§ **WHAT IS REQUIRED**
Retype, word for word, every line from the one holding "Diane Von Furstenberg" through the one holding "Comunicado del hospital" in the entries below, both included, and only those lines.

§ **INFORMATION SUPPLIED**
+++

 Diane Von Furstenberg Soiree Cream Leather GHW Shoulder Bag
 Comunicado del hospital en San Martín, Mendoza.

+++

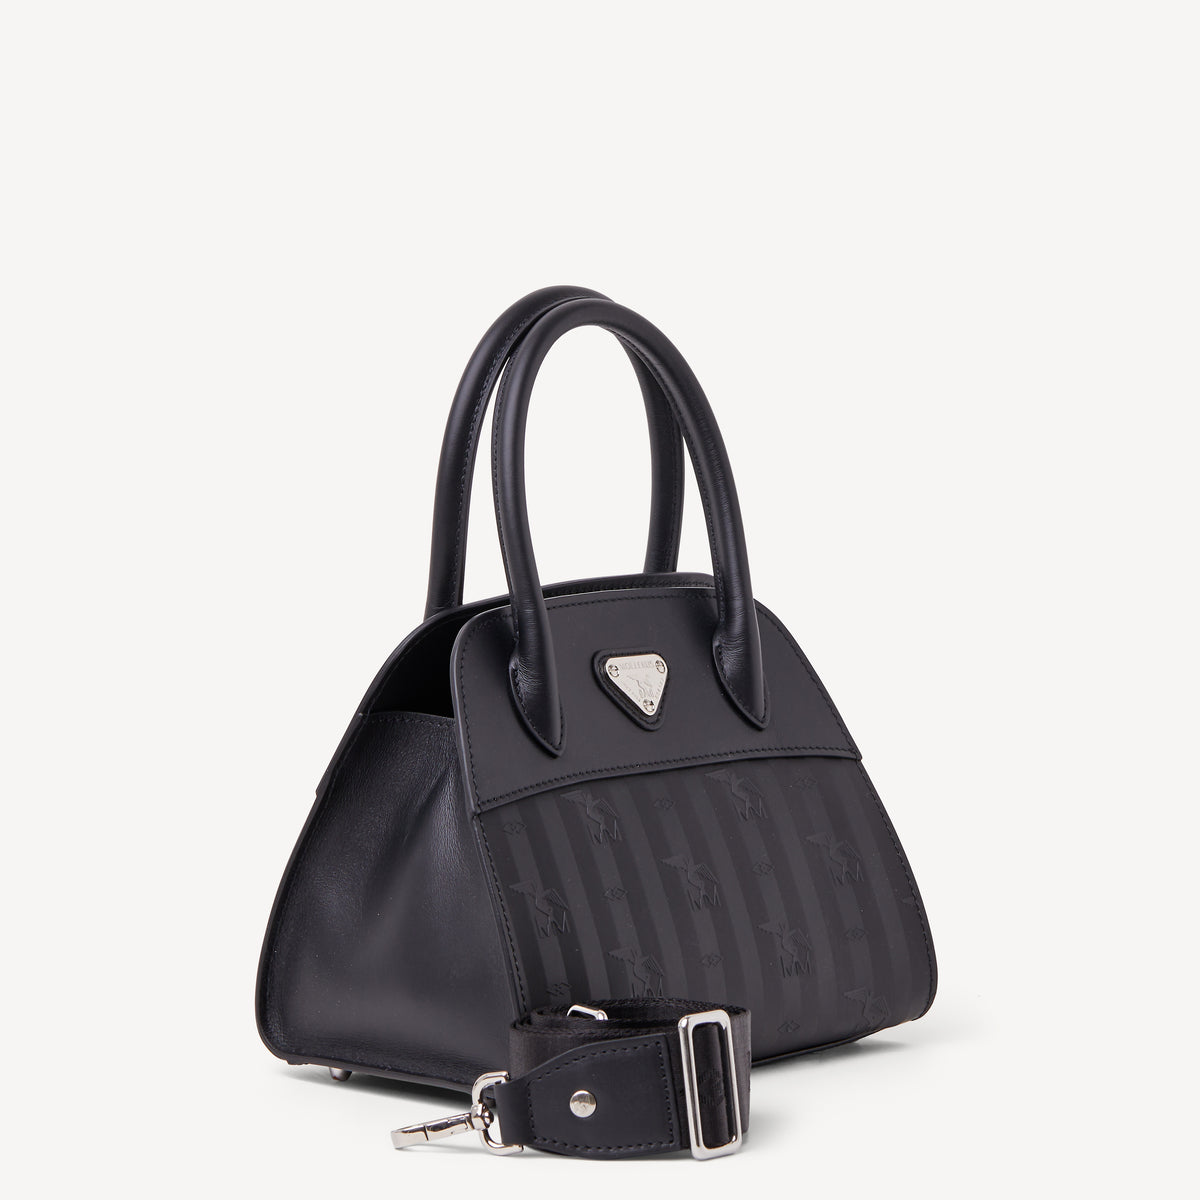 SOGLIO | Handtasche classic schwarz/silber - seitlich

+++

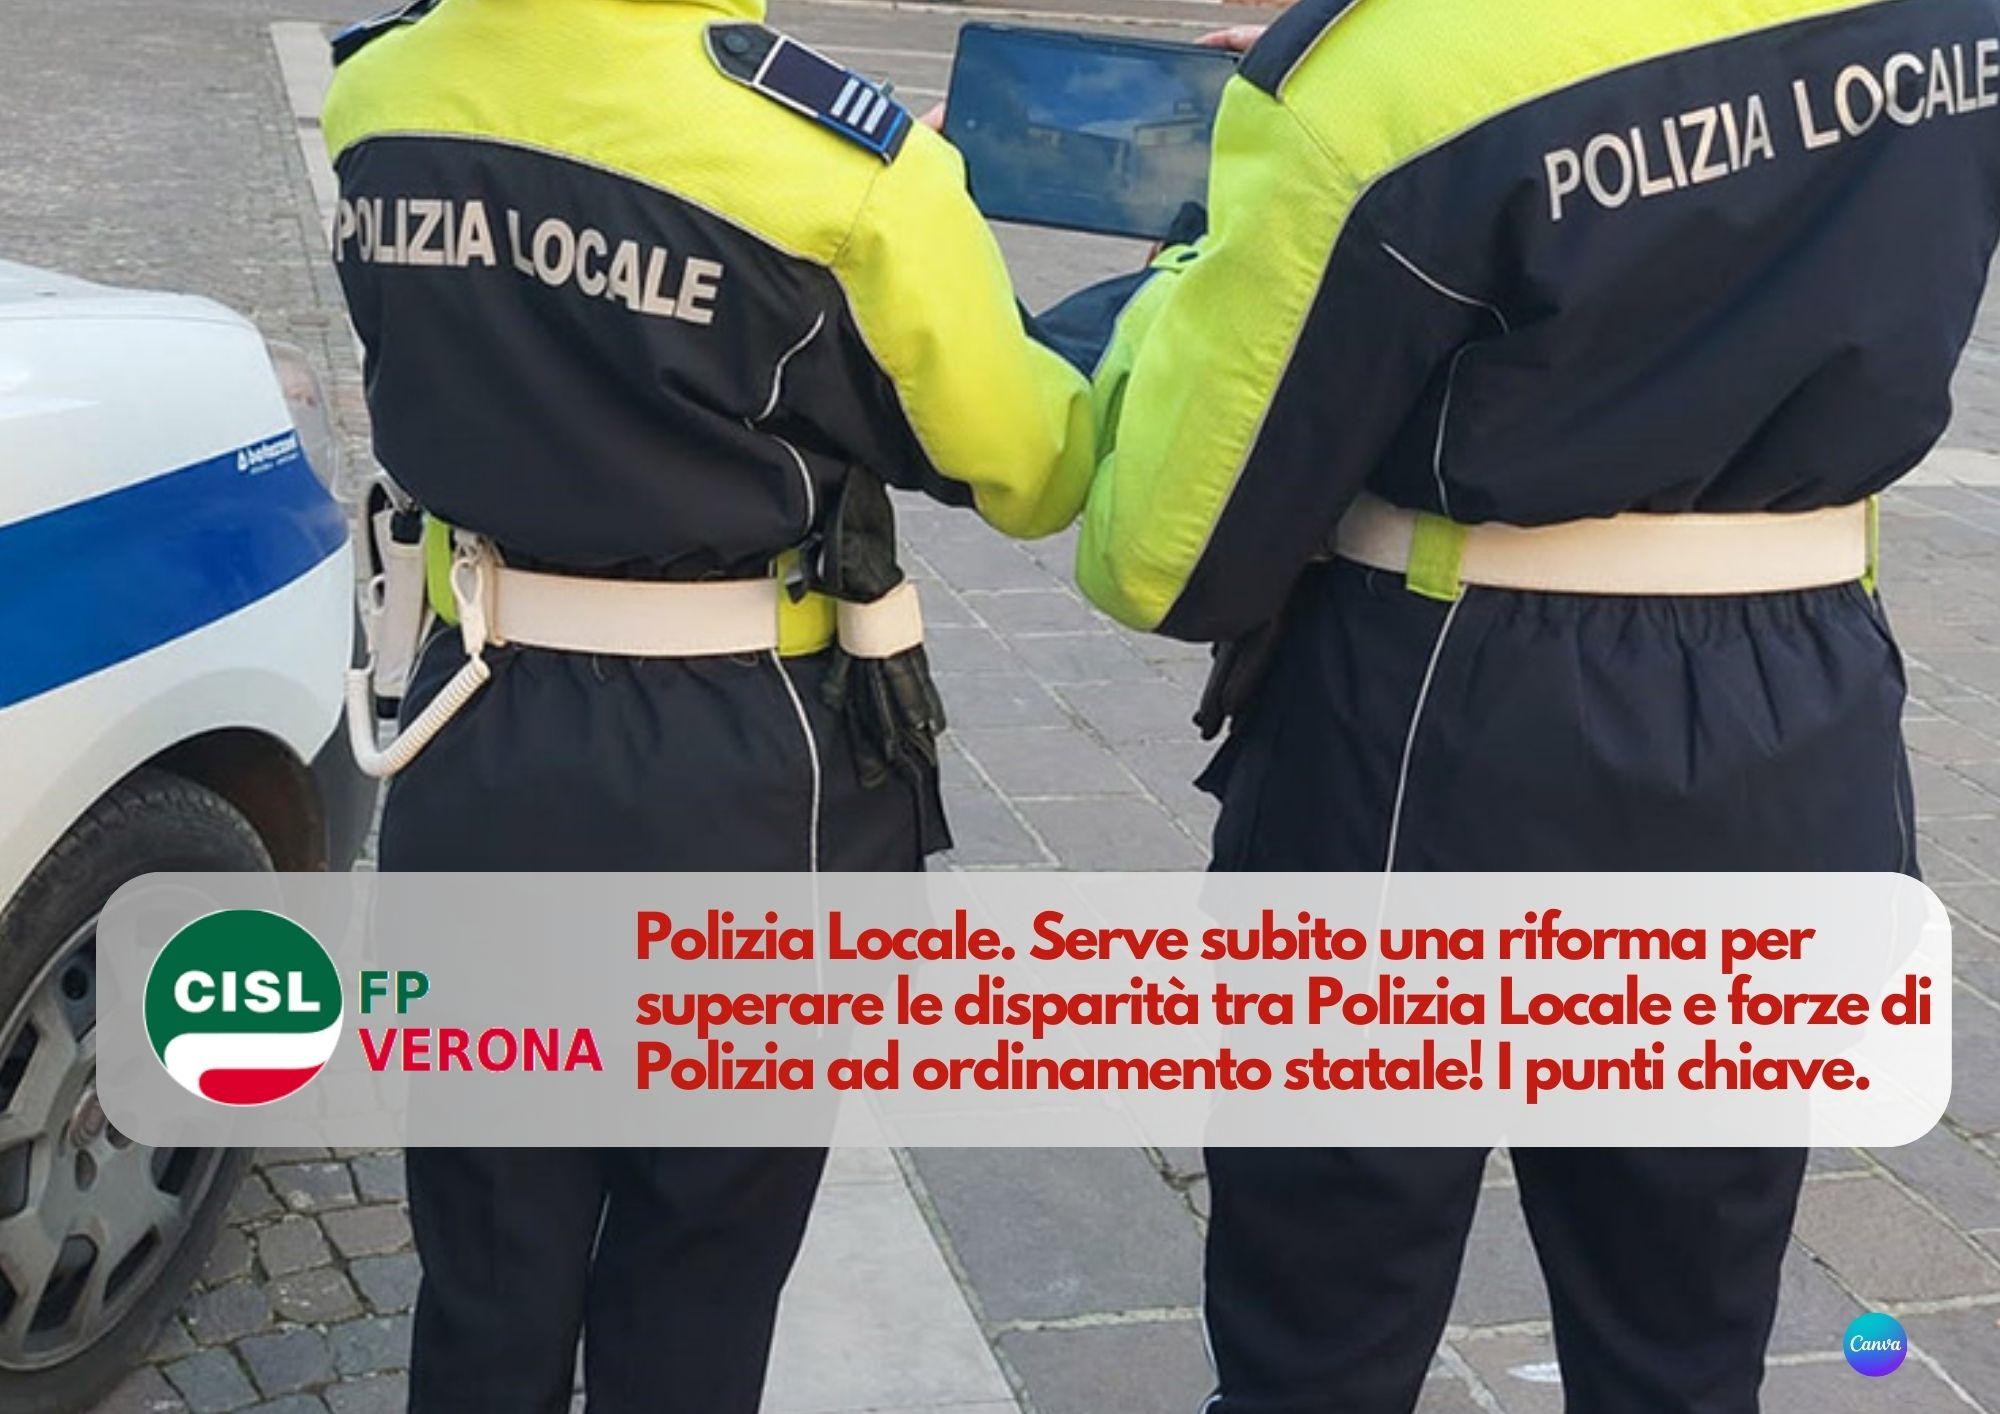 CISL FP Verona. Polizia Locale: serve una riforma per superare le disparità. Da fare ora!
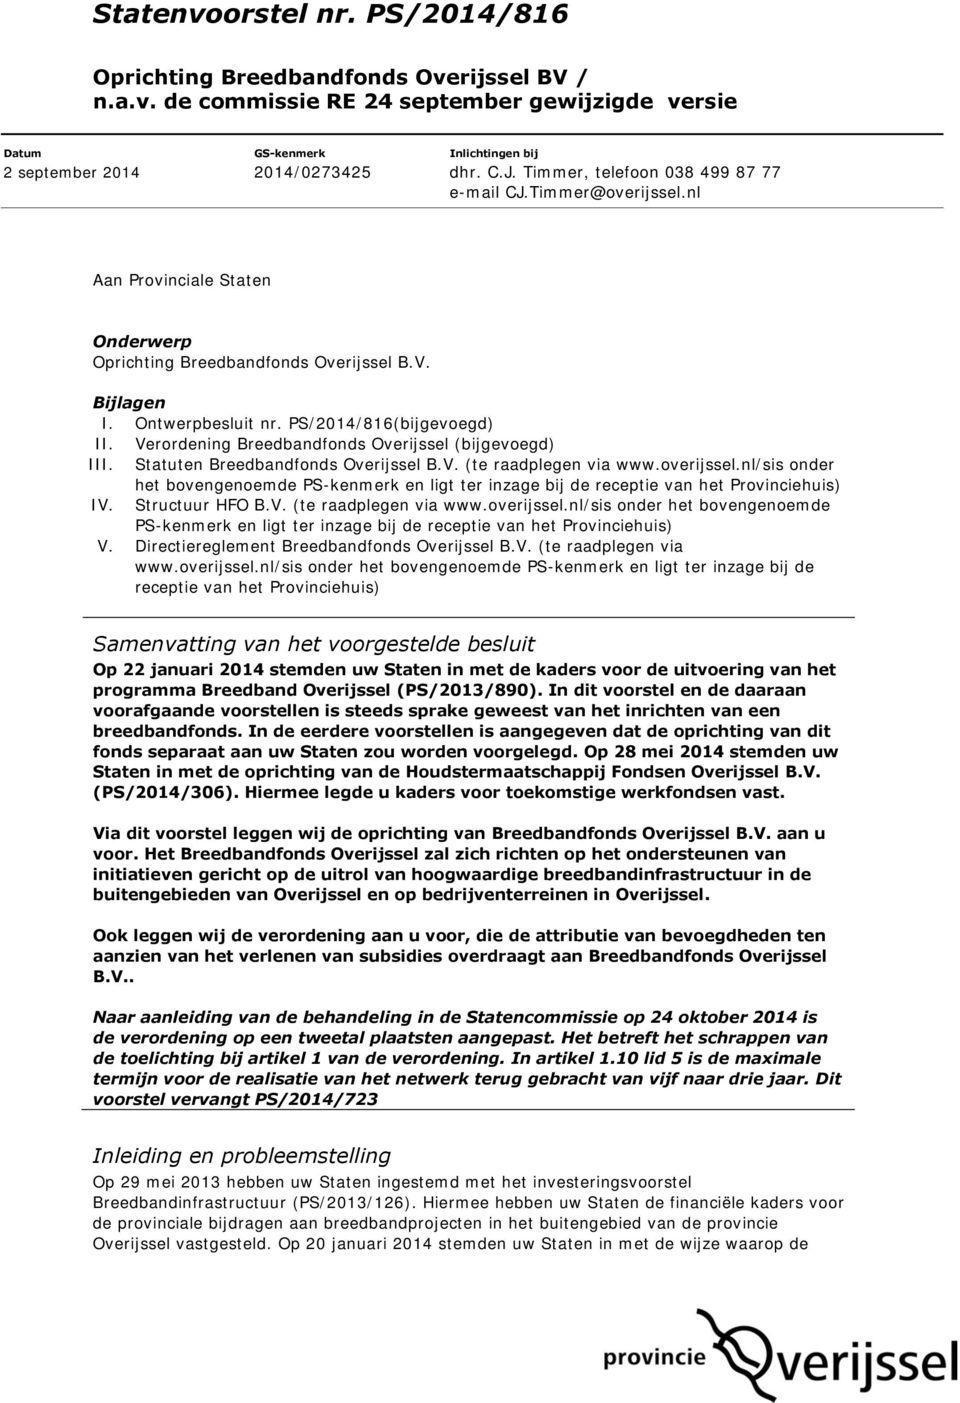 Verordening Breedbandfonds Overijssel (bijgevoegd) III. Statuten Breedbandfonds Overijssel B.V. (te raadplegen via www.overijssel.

+++

§ **EXERCISE SOLUTION**
 Diane Von Furstenberg Soiree Cream Leather GHW Shoulder Bag
 Comunicado del hospital en San Martín, Mendoza.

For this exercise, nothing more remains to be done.